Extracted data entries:
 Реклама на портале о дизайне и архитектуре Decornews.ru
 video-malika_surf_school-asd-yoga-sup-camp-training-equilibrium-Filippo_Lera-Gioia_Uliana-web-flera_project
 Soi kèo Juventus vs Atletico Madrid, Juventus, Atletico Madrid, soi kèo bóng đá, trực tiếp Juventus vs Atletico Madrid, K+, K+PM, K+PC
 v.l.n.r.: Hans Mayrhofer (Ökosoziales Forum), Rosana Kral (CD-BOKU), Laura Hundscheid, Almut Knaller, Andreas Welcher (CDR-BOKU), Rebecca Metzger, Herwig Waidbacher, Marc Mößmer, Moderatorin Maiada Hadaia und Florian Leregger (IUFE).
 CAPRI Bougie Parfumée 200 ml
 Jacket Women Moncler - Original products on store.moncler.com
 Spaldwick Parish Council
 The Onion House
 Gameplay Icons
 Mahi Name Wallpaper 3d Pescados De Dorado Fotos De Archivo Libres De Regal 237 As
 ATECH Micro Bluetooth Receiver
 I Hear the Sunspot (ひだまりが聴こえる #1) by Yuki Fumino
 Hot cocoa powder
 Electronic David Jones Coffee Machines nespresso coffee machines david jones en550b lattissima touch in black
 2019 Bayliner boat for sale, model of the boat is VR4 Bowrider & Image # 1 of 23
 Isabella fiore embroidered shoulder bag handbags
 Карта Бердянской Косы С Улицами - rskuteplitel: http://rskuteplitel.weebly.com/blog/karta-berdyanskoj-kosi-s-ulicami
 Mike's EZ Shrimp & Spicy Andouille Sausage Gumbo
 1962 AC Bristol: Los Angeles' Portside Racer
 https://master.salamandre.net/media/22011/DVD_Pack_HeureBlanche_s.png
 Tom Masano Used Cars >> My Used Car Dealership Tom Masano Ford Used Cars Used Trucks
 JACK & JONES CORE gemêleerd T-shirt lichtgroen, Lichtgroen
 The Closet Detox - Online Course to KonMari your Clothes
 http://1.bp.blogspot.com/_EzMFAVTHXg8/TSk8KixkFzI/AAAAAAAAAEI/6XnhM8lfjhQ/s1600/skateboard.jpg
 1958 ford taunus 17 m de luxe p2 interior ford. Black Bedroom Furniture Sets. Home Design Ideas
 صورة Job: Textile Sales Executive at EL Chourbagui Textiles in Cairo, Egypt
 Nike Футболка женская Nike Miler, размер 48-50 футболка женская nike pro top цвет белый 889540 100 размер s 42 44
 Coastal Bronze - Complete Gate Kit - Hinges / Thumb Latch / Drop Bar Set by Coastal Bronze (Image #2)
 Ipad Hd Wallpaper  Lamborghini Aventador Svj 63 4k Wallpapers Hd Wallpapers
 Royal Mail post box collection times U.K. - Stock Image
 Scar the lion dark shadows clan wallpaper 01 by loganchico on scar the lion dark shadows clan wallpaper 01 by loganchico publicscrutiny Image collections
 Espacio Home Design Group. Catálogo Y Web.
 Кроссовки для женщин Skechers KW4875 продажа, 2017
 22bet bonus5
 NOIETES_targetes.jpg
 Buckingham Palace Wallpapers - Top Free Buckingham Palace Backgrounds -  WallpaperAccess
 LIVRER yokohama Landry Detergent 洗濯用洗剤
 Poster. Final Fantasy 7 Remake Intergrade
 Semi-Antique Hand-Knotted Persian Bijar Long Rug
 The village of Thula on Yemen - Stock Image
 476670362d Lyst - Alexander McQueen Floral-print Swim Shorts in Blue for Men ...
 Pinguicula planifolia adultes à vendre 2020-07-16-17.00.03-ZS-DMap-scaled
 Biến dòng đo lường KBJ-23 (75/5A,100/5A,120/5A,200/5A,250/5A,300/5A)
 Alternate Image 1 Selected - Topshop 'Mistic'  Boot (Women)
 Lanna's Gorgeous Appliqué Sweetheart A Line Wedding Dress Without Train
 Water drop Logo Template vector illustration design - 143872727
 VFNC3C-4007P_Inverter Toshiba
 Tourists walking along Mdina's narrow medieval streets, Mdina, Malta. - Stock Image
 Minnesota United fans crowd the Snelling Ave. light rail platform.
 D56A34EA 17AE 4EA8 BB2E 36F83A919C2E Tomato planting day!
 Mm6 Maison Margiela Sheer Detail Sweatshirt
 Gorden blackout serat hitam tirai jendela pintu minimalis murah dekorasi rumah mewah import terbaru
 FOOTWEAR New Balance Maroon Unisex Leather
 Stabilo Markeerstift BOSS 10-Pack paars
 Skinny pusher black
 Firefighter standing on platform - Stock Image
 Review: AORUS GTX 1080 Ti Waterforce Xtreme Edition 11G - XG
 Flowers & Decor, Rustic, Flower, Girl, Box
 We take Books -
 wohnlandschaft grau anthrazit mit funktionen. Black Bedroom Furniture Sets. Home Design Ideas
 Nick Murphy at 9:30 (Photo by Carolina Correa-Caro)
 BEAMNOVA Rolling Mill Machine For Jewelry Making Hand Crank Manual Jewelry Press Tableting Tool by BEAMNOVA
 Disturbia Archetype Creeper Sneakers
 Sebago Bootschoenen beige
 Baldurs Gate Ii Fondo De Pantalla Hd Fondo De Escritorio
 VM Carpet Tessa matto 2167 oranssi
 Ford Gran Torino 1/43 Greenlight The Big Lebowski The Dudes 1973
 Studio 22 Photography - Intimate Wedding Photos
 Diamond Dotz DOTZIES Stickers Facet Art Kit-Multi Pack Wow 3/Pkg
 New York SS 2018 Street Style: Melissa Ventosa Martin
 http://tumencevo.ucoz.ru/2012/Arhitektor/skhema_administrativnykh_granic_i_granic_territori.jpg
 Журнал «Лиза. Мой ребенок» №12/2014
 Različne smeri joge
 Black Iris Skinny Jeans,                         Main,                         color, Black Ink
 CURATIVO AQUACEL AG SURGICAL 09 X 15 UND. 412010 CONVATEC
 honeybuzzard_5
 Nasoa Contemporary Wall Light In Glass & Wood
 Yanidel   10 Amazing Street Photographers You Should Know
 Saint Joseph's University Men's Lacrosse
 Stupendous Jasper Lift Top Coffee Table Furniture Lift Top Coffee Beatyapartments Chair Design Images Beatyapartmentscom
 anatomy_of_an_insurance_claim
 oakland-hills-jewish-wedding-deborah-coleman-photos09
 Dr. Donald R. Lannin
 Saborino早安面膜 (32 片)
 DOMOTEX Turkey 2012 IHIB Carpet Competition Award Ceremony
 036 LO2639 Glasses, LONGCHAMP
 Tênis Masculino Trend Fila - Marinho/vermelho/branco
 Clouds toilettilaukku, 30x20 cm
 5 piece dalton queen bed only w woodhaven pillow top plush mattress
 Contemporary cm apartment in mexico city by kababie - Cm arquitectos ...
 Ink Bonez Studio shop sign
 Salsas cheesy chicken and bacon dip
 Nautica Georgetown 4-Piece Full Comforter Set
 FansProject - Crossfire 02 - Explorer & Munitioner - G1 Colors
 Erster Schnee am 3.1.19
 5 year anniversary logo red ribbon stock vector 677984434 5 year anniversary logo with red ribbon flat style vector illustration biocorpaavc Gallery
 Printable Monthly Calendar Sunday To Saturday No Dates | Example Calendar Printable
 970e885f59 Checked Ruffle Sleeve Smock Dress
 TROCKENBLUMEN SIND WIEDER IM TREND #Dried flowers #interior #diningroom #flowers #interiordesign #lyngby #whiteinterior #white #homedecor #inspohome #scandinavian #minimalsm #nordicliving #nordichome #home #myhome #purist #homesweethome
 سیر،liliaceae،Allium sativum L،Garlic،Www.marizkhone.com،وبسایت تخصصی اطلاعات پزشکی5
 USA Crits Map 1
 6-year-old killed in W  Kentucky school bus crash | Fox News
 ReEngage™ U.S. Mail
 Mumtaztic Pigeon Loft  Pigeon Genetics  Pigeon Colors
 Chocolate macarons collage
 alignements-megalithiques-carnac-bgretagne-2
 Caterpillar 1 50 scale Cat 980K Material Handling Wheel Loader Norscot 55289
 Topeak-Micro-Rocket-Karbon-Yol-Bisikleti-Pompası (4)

(Exercise brief):
The required output is the line holding "6-year-old killed in" plus every line after it in the data, reproduced exactly.

(Your solution):
 6-year-old killed in W  Kentucky school bus crash | Fox News
 ReEngage™ U.S. Mail
 Mumtaztic Pigeon Loft  Pigeon Genetics  Pigeon Colors
 Chocolate macarons collage
 alignements-megalithiques-carnac-bgretagne-2
 Caterpillar 1 50 scale Cat 980K Material Handling Wheel Loader Norscot 55289
 Topeak-Micro-Rocket-Karbon-Yol-Bisikleti-Pompası (4)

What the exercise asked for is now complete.